Above are examples of high lift Blonde shades:

Normally the mixing ratio for these high lift shades is one part colour to two parts 40 Volume Hydrogen Peroxide development time up to 50 Mins {That being 30mins lift 20mins deposit} Heat should not be required { heat can be very bad in the colour process}

You can see the various shades Ash, Beige, Violet. Gold. 100 is a clear with some products you can us this to get an extra bit of lift maybe a shade. but remember when adding this to a formulation you are diluting down the pigment available in the formulation.

The 100 series on it’s own will give a nice low light but will not control any pigment exposed it is just lift pigment free so any lift will create a low light exposed from the natural hair pigment.

So given that most manufactures claim 4 levels of lift from

High lift blonde what can we expect?

Well given a natural level 4 we should be able to get a low light around level 7.

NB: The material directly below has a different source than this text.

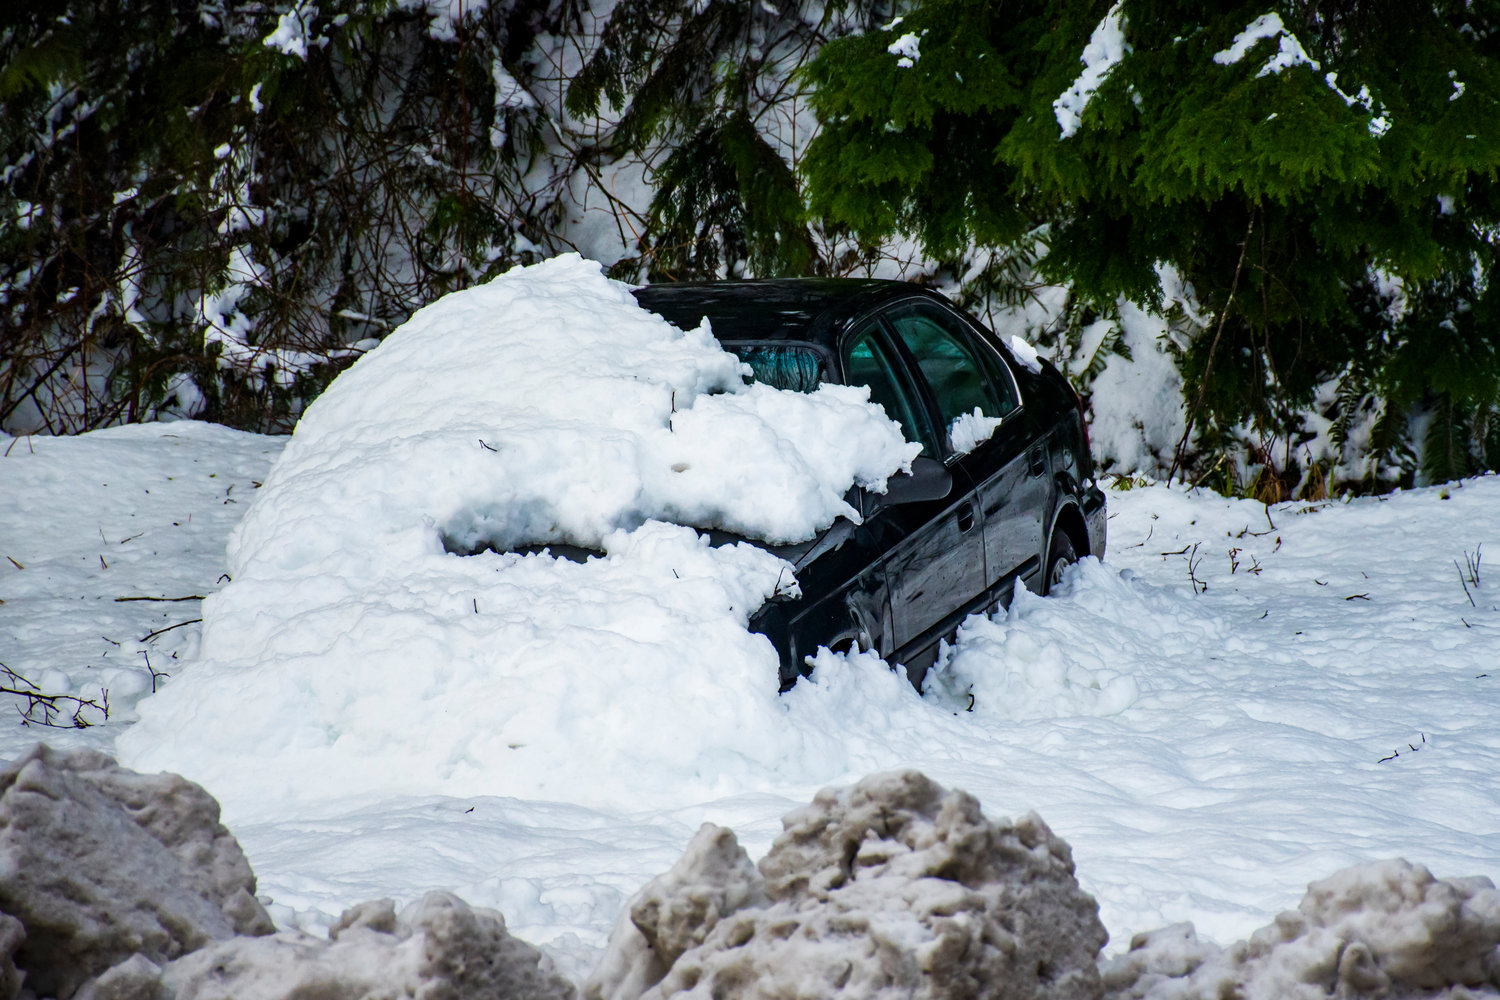 A car is seen buried in snow off the side of Highway 12 Wednesday morning in Morton.

As we know that a natural level 7 has an orange under tone using a formulation with ash should give a nice sandy controlled honey low light .

The 40 volume Hydrogen giving you the four levels of lift the Ash pigment controlling the pigment exposed!

The shades shown are realistic tones that can be reaches with this method. Although using a higher volume of peroxide i think it still better than using a bleach to lift and then re pigment or tone the hair.

Multi shades very natural looking: Low lights Done with this method have less tendency to fade due to the fact you have worked with the hairs natural pigment base.

Do give it a try although the time for development is longer like most services in a salon time management is key to being a success.

You don’t need to rush or force colour development you just need to manage your time effectively forcing hair colour development with a plastic cap and heat will not improve your colour.

Hair colouring is an equation of formulation lift deposit and timing!